WHAT IS REQUIRED
Only the lines from the one containing "Großmutter und Enkelin" through the last line below belong in your copy; transcribe them exactly and omit any pictures.

DATASET SECTION
-- Opening Marker --

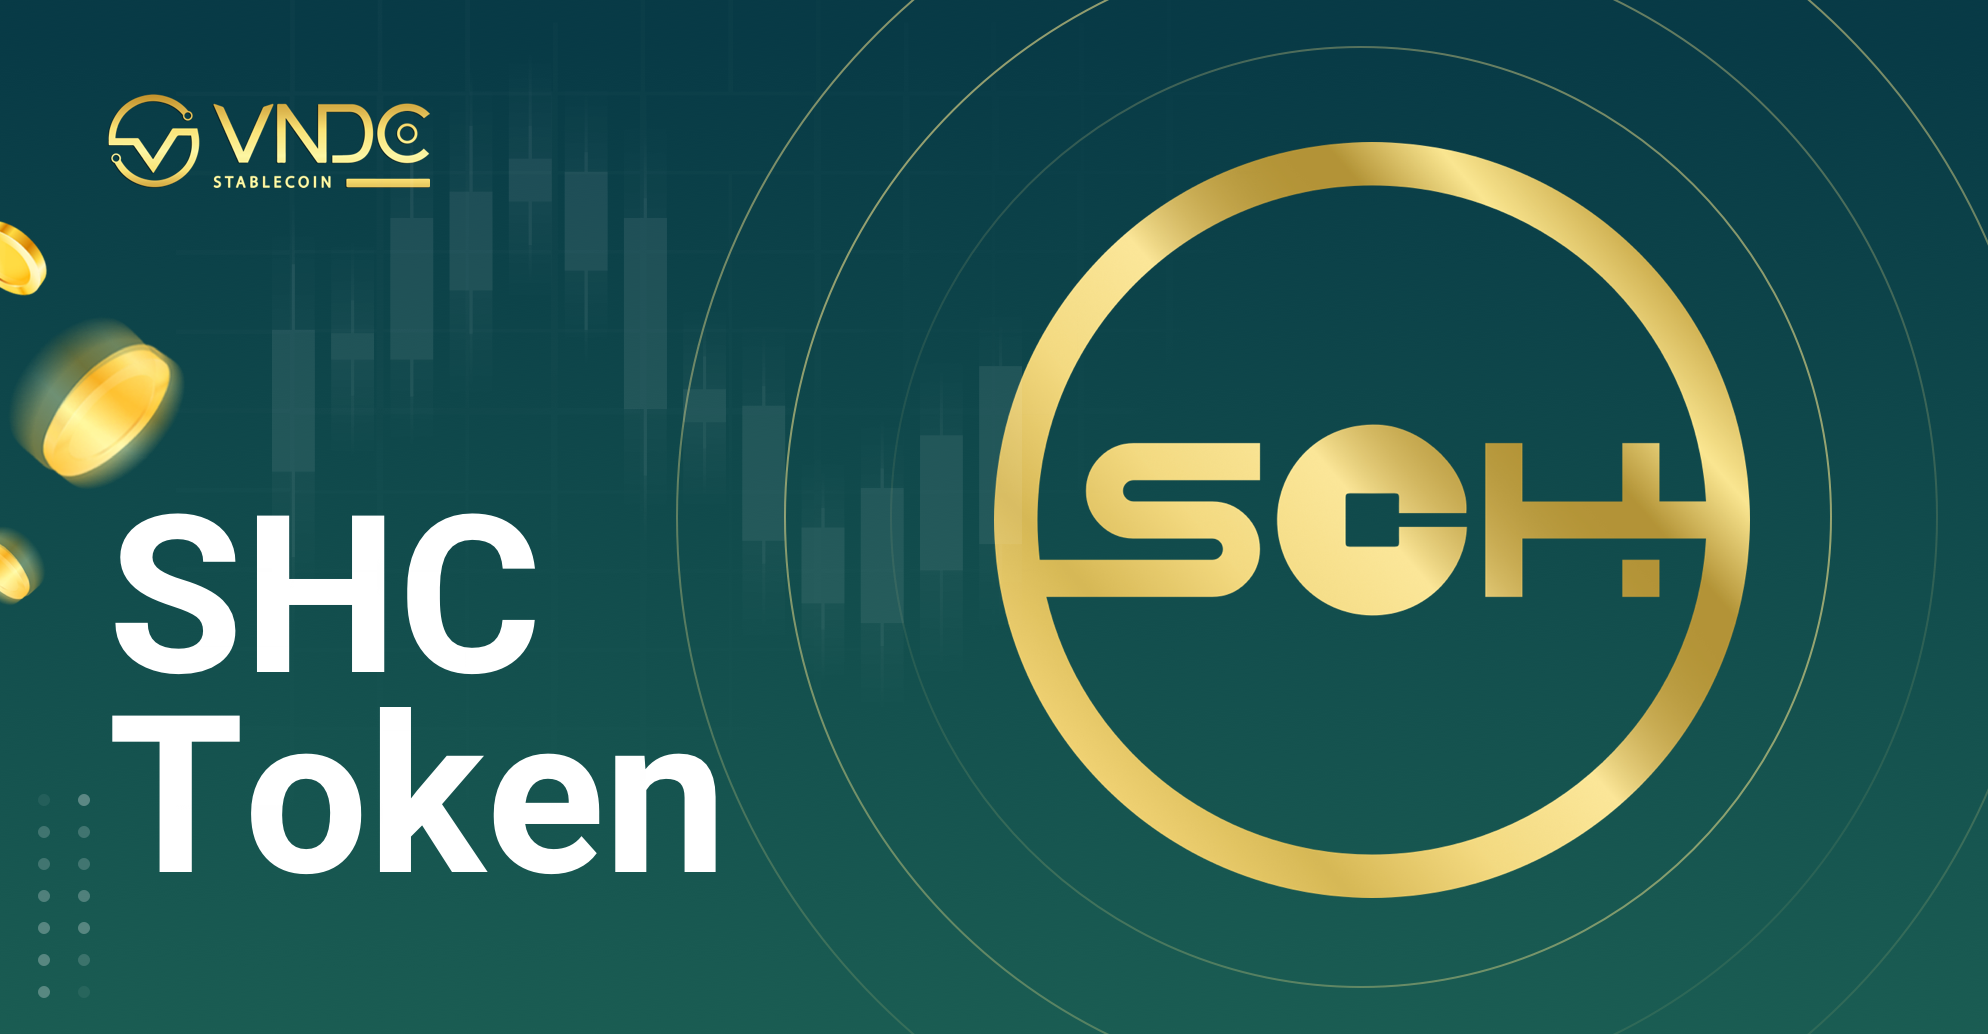 Thông báo chính thức về việc giao dịch SHC trái phép trên P2P
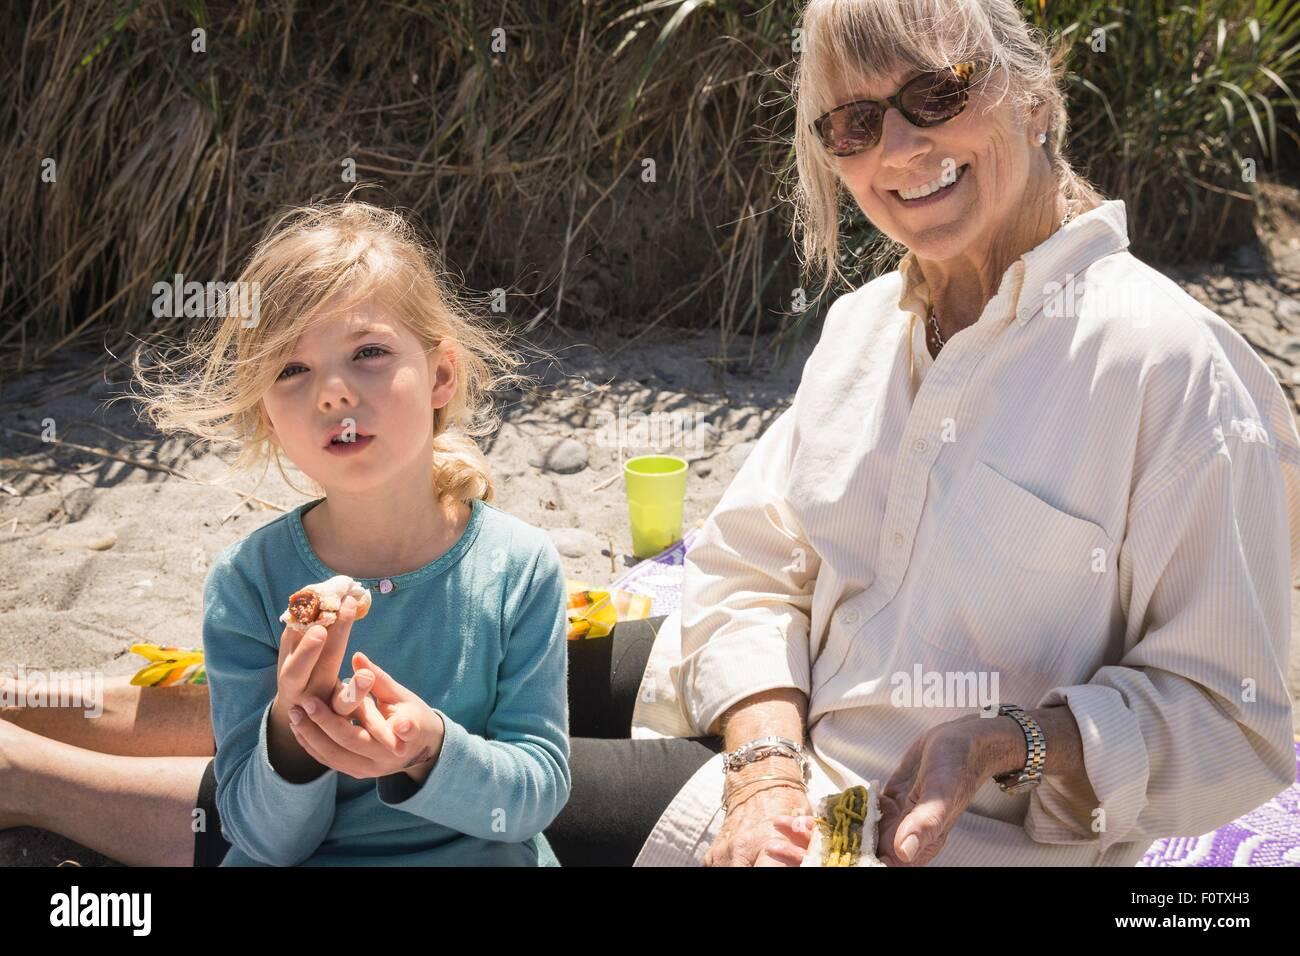 Großmutter und Enkelin mit Picknick am Strand Stockbild
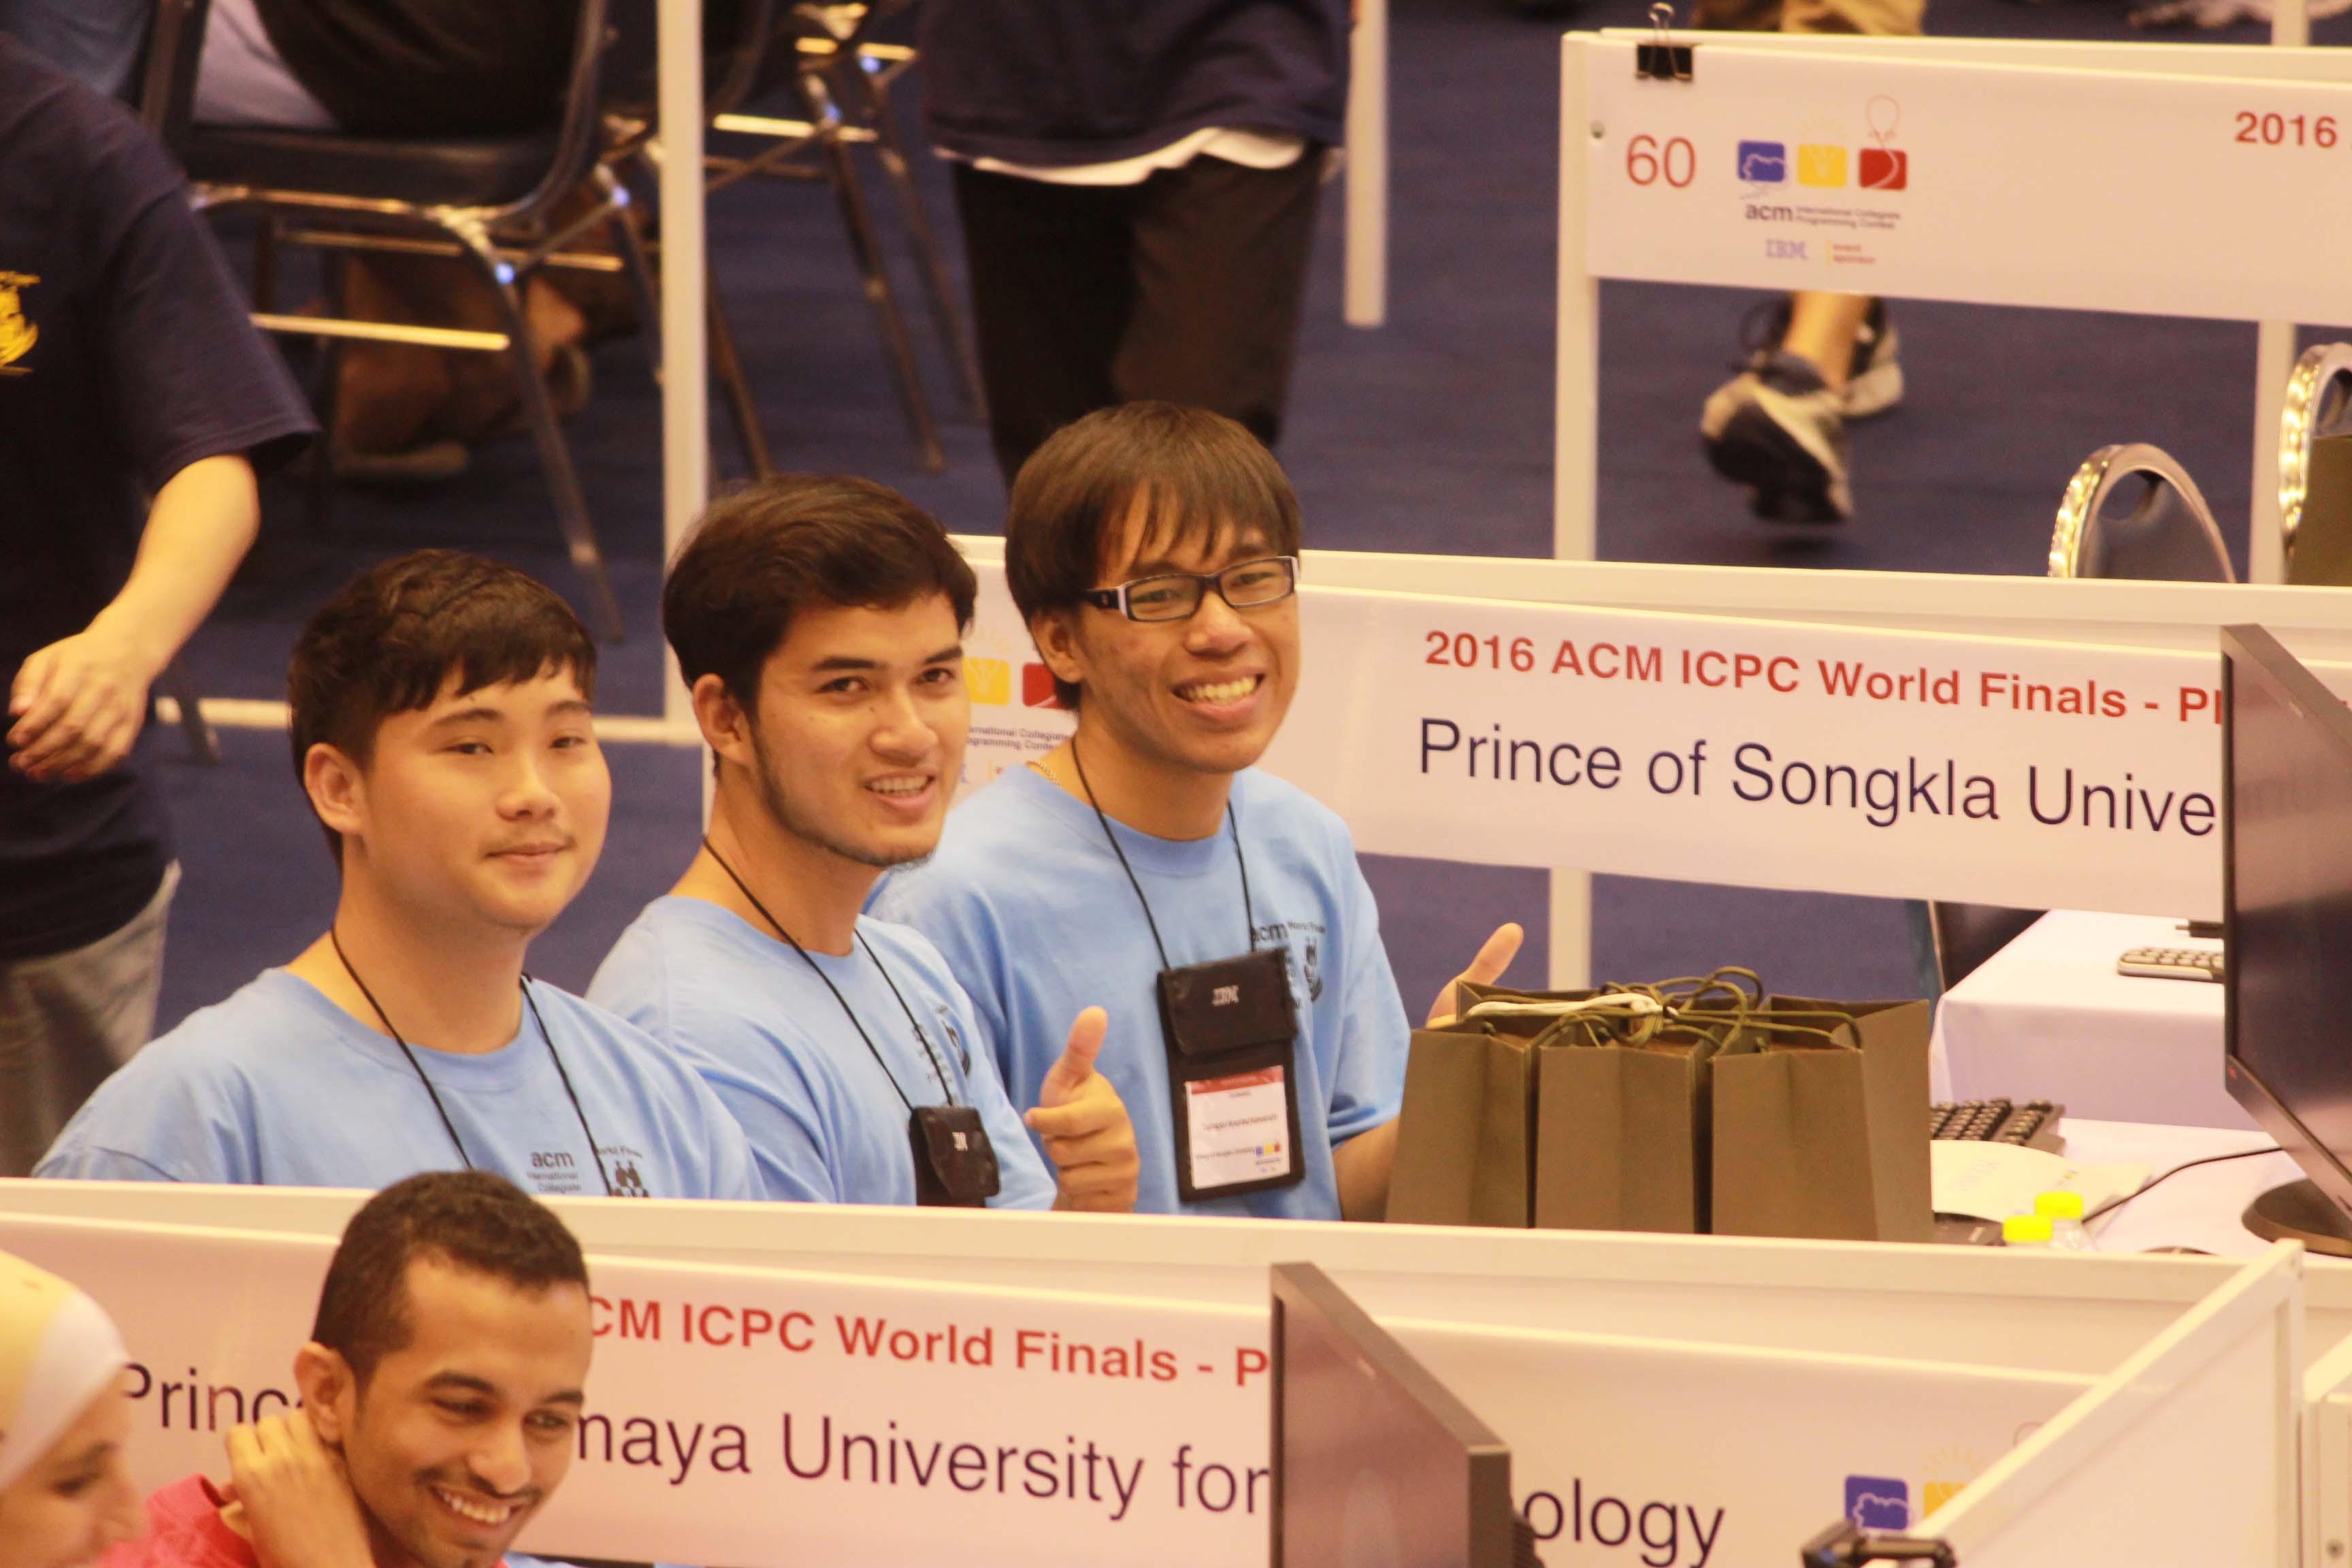 2 ทีมนักศึกษา ม.อ. ในสนามการแข่งขัน

-- Closing Marker --

EXERCISE ANSWER
 Großmutter und Enkelin mit Picknick am Strand Stockbild
 2 ทีมนักศึกษา ม.อ. ในสนามการแข่งขัน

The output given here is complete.